"It was far in the sameness of the wood;
I was running with joy on the Demon’s trail,
Though I knew what I hunted was no true god.
It was just as the light was beginning to fail
That I suddenly heard—all I needed to hear:
It has lasted me many and many a year.
The wound was behind me instead of before,
A sleepy sound, but mocking half,
As of one who utterly couldn’t care.
The Demon arose from his wallow to laugh,
Brushing the dirt from his eye as he went;
And well I knew what the Demon meant."
(The Demiurge's Laugh)
I think there are many sides to Robert Frost, which this early poem of his exemplifies pretty well in my opinion. He's known best for his humble reflections on rural life in New Hampshire and Vermont, and perhaps often dismissed as an sentimental American rambler in the wake of Longfellow (indeed, many are probably surprised to learn Frost was contemporaneous with the modernists poets, and not an 19th century romantic). Poems like this one express perhaps his two competing drives, the simple parable of foolish pursuit in the New England woods, and the uneasy sense of the world's cosmic ineffability always just beyond the comprehension of his mind and his poetry. His earliest poems he wrote in naivite, as a layabout on his relatives' farm in Derry NH; the faint gesture at gnosticism is very appropriate for Derry, which adjoins Londonderry NH in the great cosmic irony -- two towns named after the same Irish town, one taking its anglophonic colonial variant and the other restoring its historical Irish name (decades before the North Irish Londonderry voted to become Derry once more).

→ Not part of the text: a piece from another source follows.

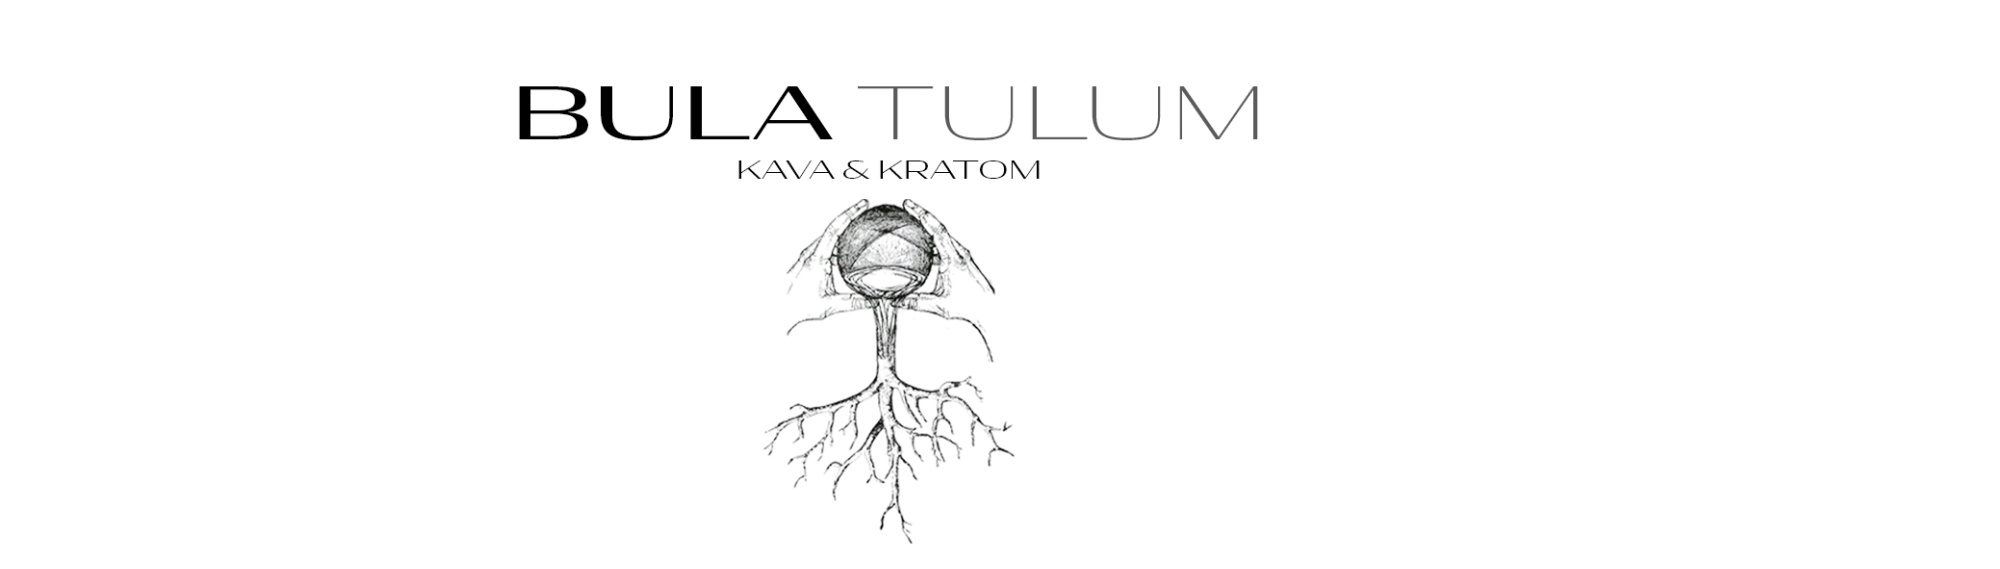 image of bula tulum kava & kratom

The Irish connection is faint; while southern New Hampshire is now filled with Boston Irish, at Frost's time it was nearly as anglo-saxon as England itself, and the landscape had been terraformed into a perverse image of England -- all its millennia-old trees cut down (every single one of them, if you'd believe it) and replaced with hilly fields of grass and farmlands. It's only right that Frost take up as his principle theme, at least on some level, the vague irony between the commonplace platitudes of very english speech (down to the gerunds, -aw rhyming with -ar, etc) and the bizarre and deeply meaningful spirit of New England nature, its (re-growing) forests and mountains. One recalls Marianne Moore's fine poem, Spenser's Ireland, about this same phenomena of a powerful landscape overtaking the anglo-saxon mind and endowing it with a capacity for profound fantasy far beyond recognition. She wrote of Ireland, but New Hampshire is perhaps no less potent a locale, and indeed there are many similarities in terms of insane local politicians and alcohol consumption (by a significant margin the highest in the state) ... but I will reserve my theories about New England, Ireland and Atlantis for some other time.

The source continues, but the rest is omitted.